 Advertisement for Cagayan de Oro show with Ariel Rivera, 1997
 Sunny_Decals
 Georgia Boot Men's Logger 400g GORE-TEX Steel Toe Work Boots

◆ **WHAT IS BEING ASKED**:
Return all of the material verbatim, with no line left out.

◆ **SOLUTION TO THE EXERCISE**:
 Advertisement for Cagayan de Oro show with Ariel Rivera, 1997
 Sunny_Decals
 Georgia Boot Men's Logger 400g GORE-TEX Steel Toe Work Boots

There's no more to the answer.